• _INFORMATION PROVIDED_
== == ==

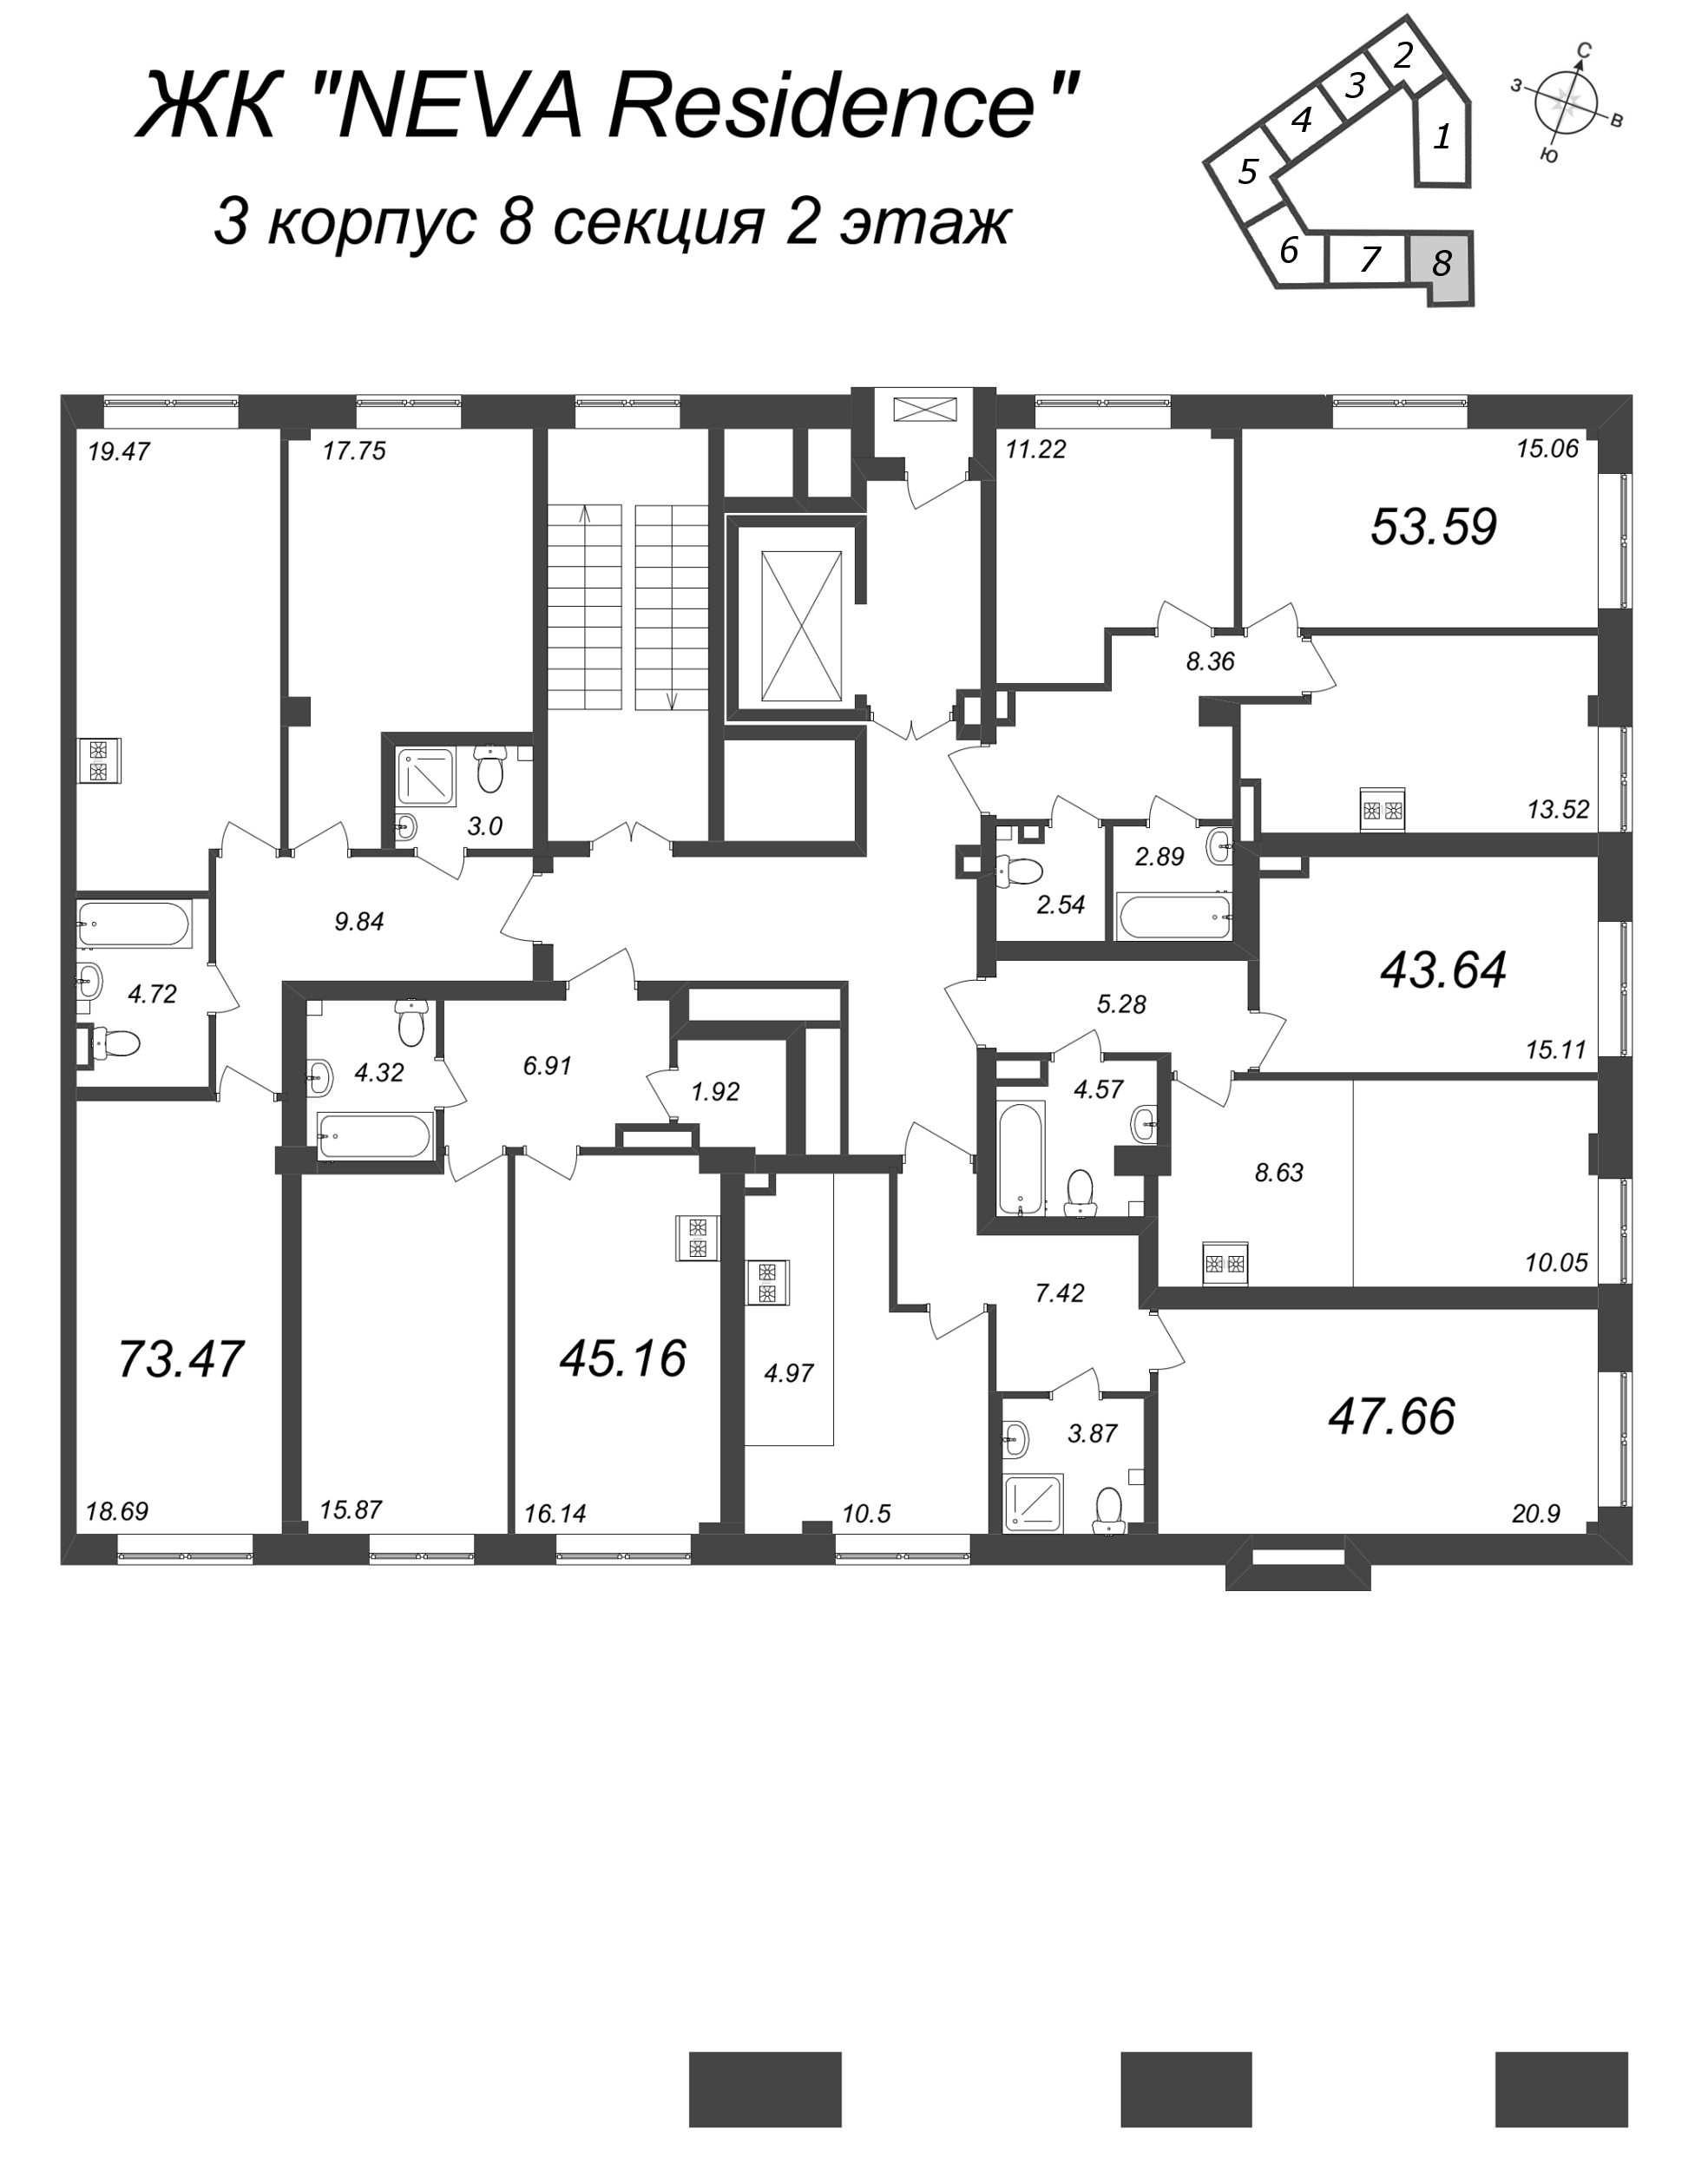 2-комнатная (Евро) квартира, 47.66 м² в ЖК "Neva Residence" - планировка этажа
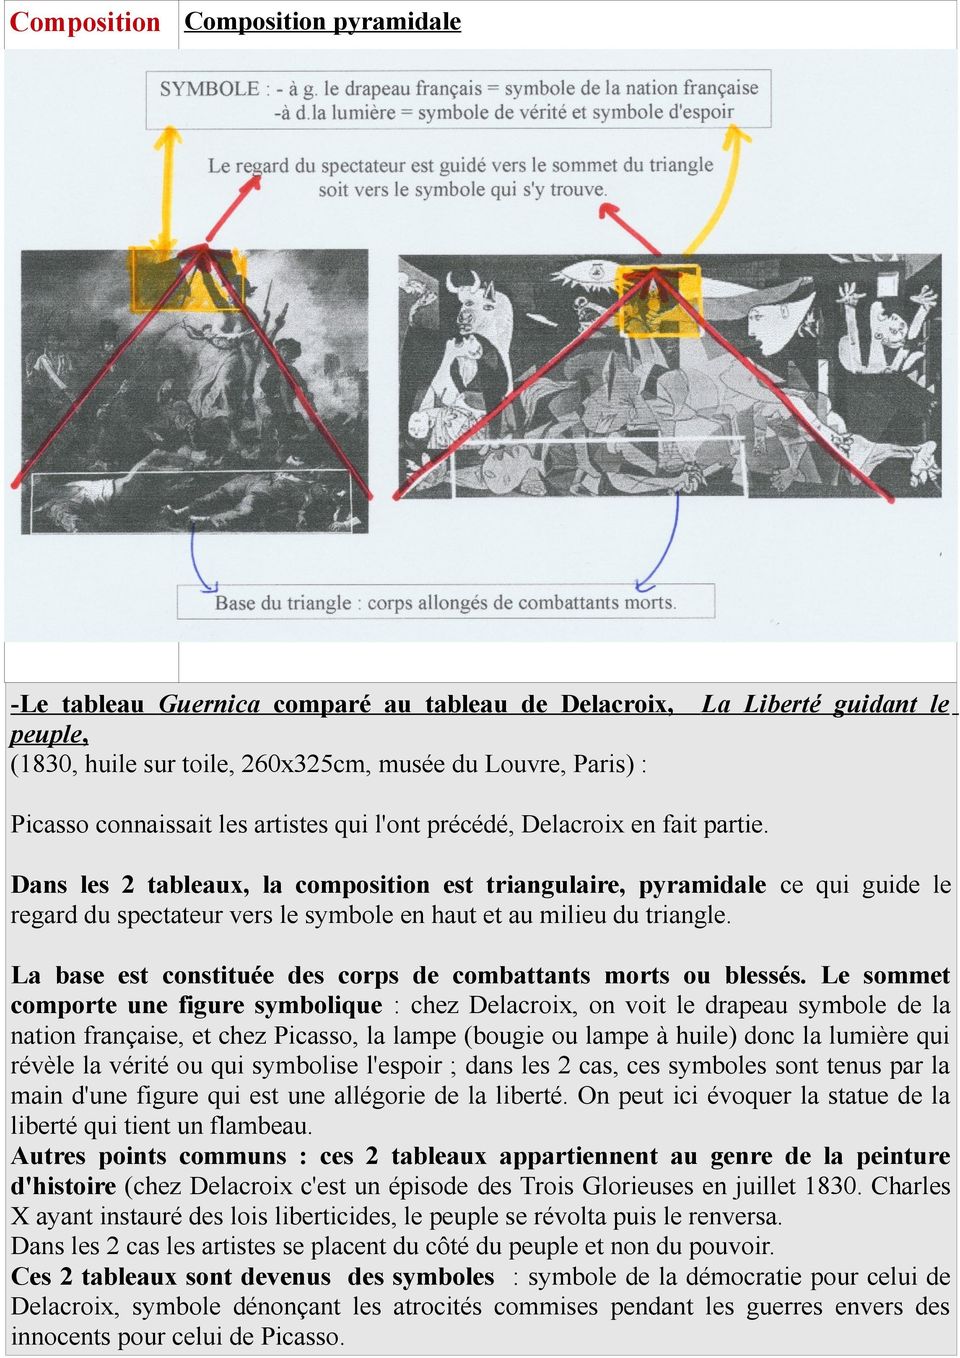 Dans les 2 tableaux, la composition est triangulaire, pyramidale ce qui guide le regard du spectateur vers le symbole en haut et au milieu du triangle.
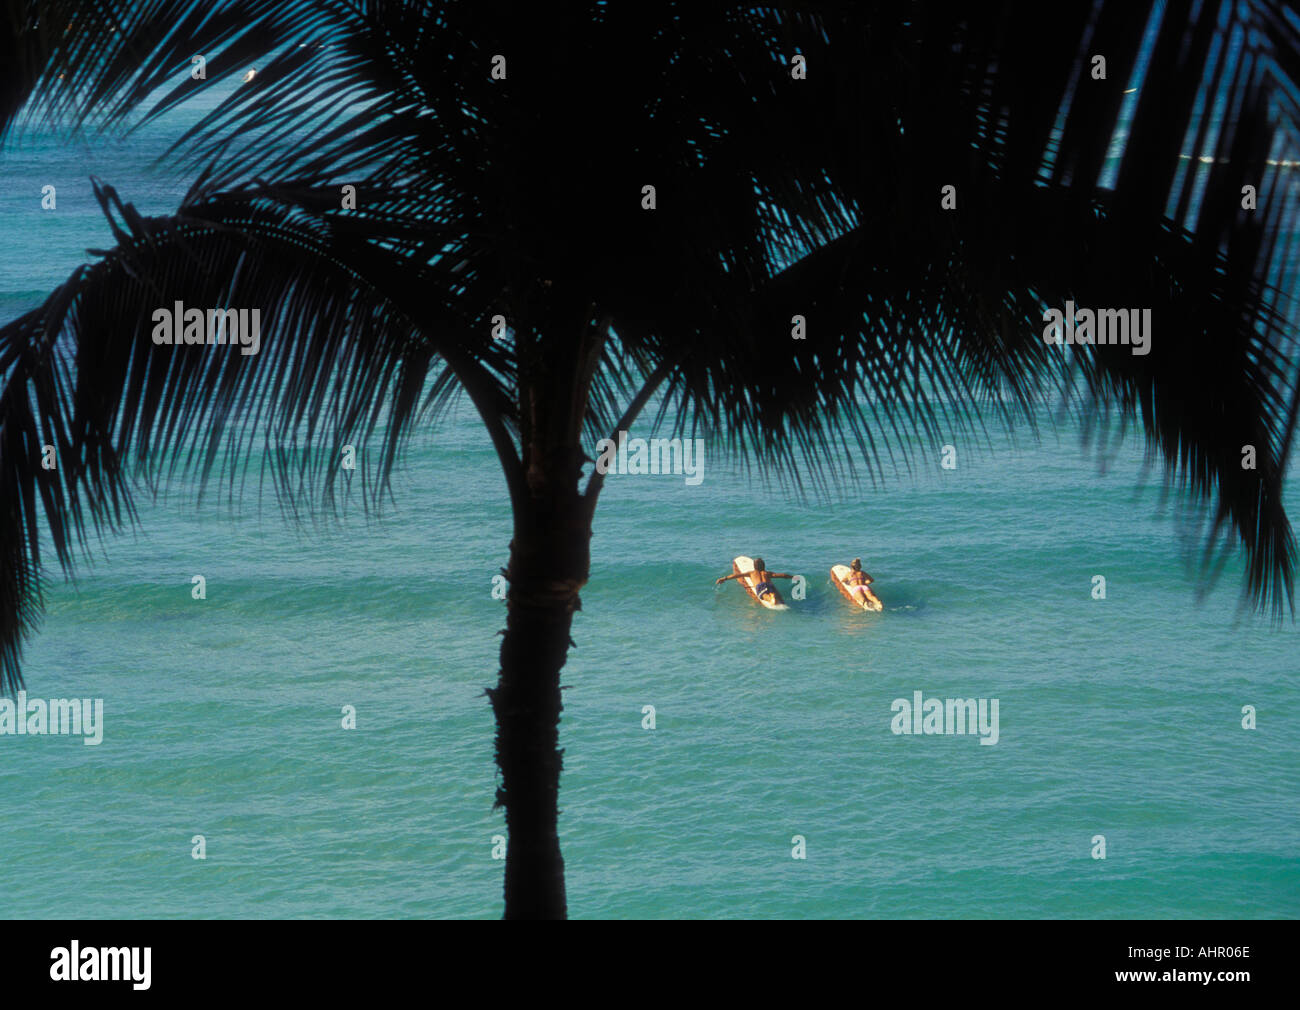 Paar, Paddeln Sie auf Surfbretter Blick durch Palmen vom Hotel Outrigger Waikiki Strand Oahu Hawaii Stockfoto

== == ==

Write out the whole listing again, exactly, with no pictures.

 2-комнатная (Евро) квартира, 47.66 м² в ЖК "Neva Residence" - планировка этажа
 Dans les 2 tableaux, la composition est triangulaire, pyramidale ce qui guide le regard du spectateur vers le symbole en haut et au milieu du triangle.
 Paar, Paddeln Sie auf Surfbretter Blick durch Palmen vom Hotel Outrigger Waikiki Strand Oahu Hawaii Stockfoto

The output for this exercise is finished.